One of this year’s most heated debates happened over current promotions of the symbols from this nation’s ugly history, such as the Confederate Flag. One side of the debate felt like South Carolina’s state house building should have taken the flag down because of its display of a former southern union that was in favor of slavery.
The other side of the debate felt like the flag should have stayed put because all of this nation’s historic symbols (the good bad, and ugly) should remain visible as a memento to educate people about how this country was built. The flag was eventually removed from the South Carolina state house.

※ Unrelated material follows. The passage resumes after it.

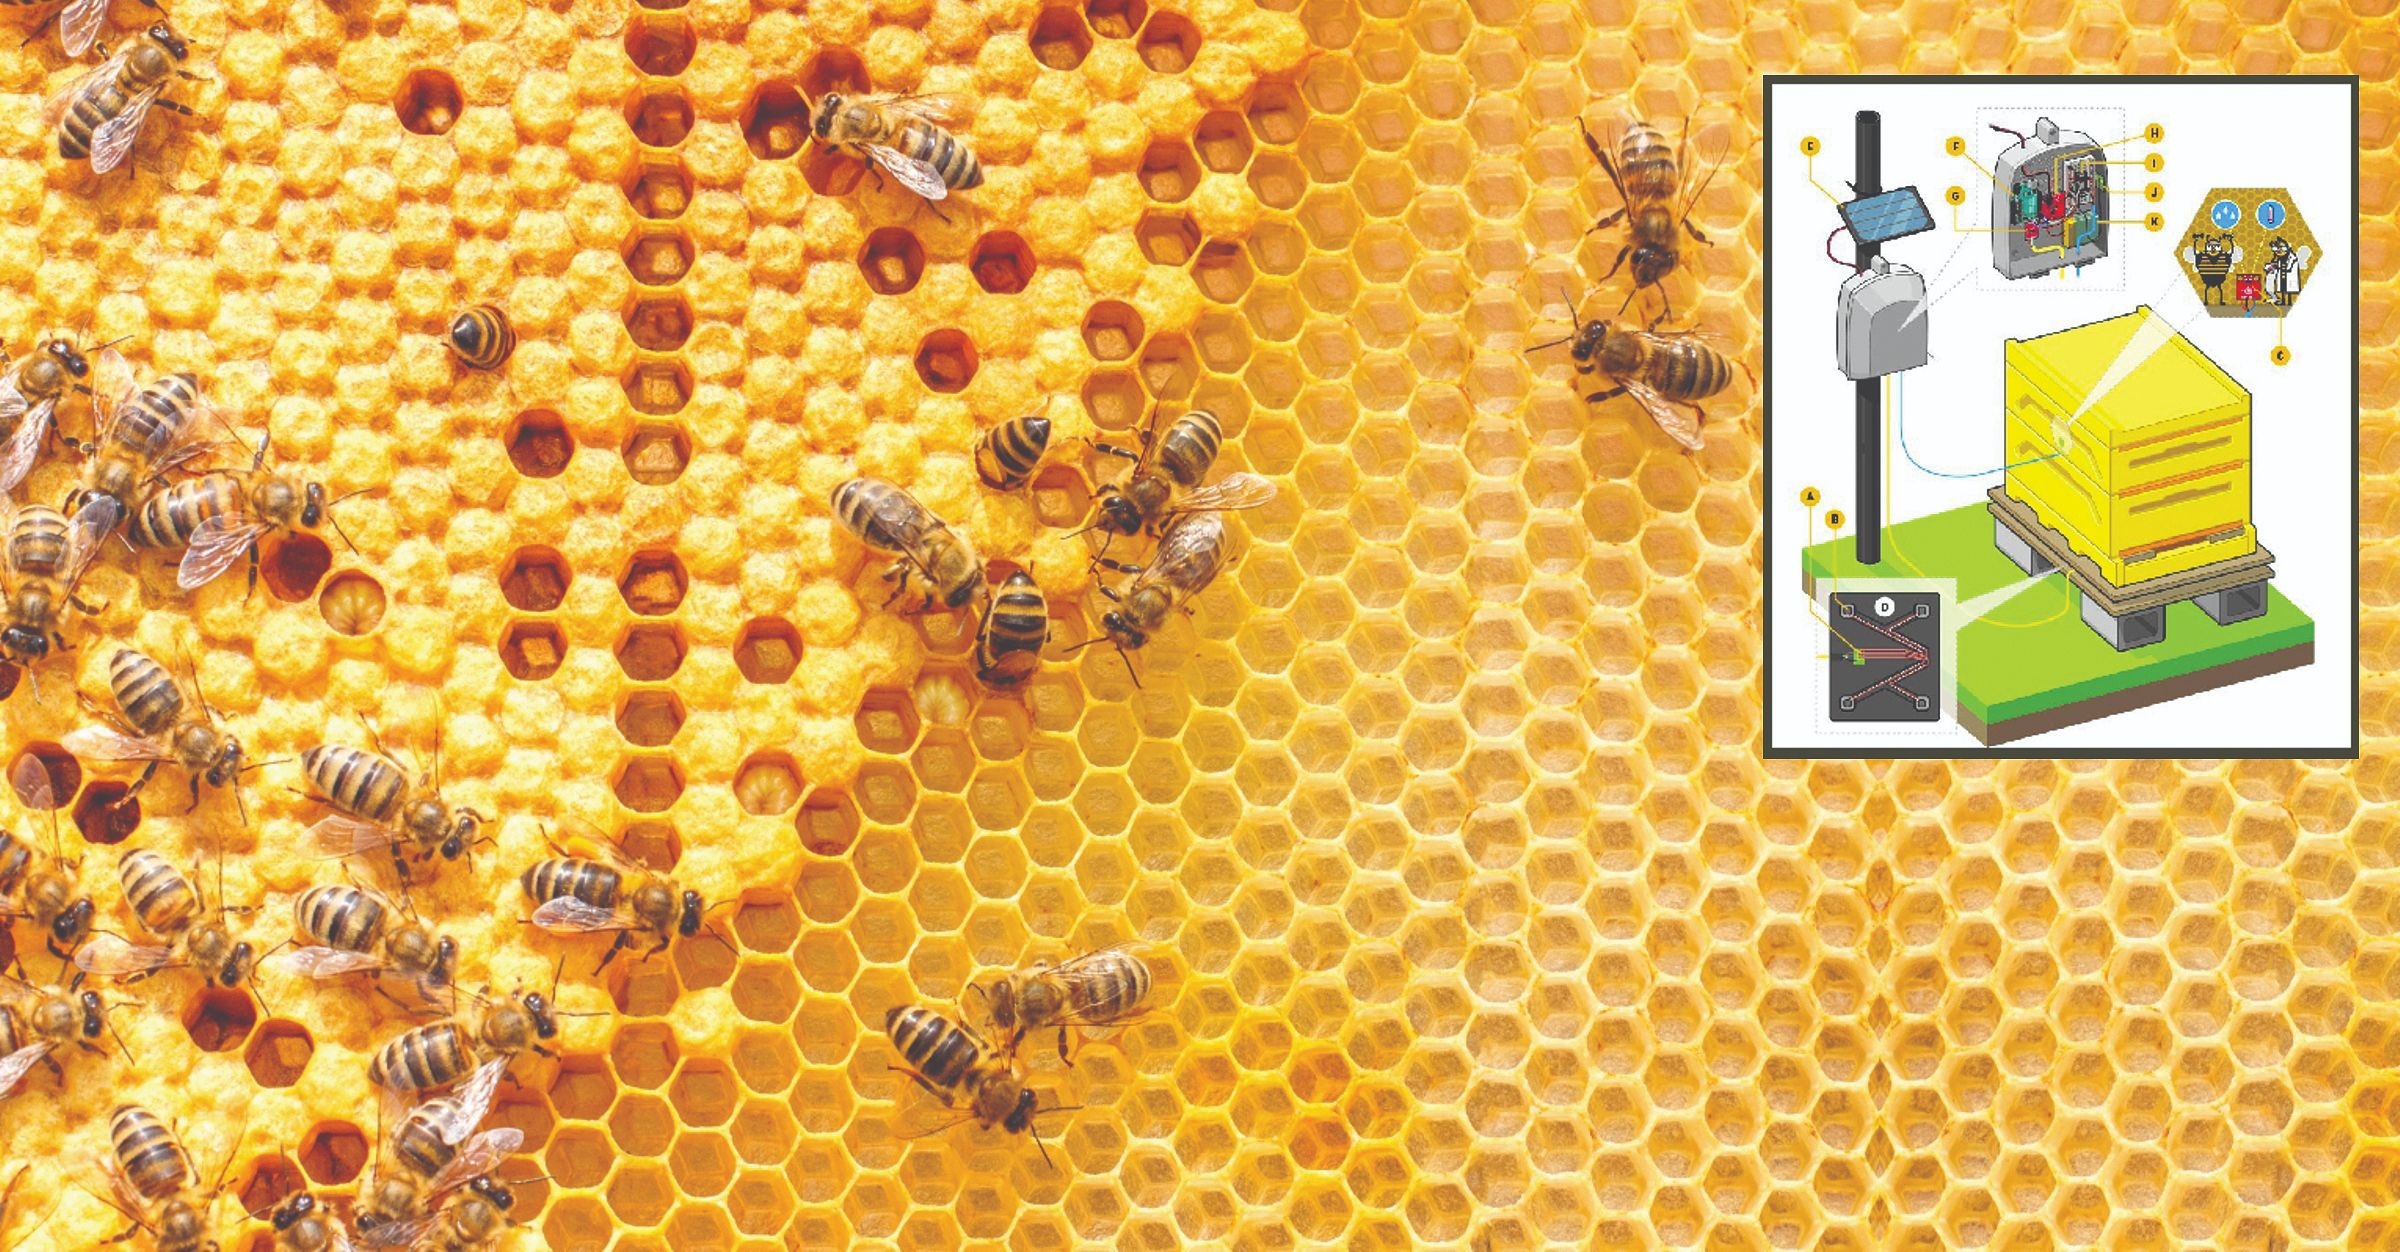 Novi način praćenja zdravlja pčela

Many people (including a vast number of whites) felt that taking down the Confederate Flag was the right call to make. However, there is a new debate raging on today about the name of a Yale University residential college. Everybody knows that Yale is one of the most prestigious institutions of higher education in the world.
You would think that such a prestigious university would want to clean up its image and adopt a forward-thinking model of integrity when it came to naming its residential buildings and graduate school programs. Unfortunately, that is not what Yale seeks to do, according to Peter Salovey, the school’s president.
The New York Times reported during midweek that Yale’s president said the university is not going to rename its John C. Calhoun residential college (pictured) despite numerous calls from protesters to remove Calhoun’s name from the building. Calhoun was a known white supremacist and 19th-century American politician who strongly supported slavery.
He even had a reputation for brutally abusing black Americans himself. The Black Student Alliance at Yale is one of the organizations pushing for the university to change the name of one its residential colleges. However, the student organizations staunch efforts to make this change happen have not been successful thus far.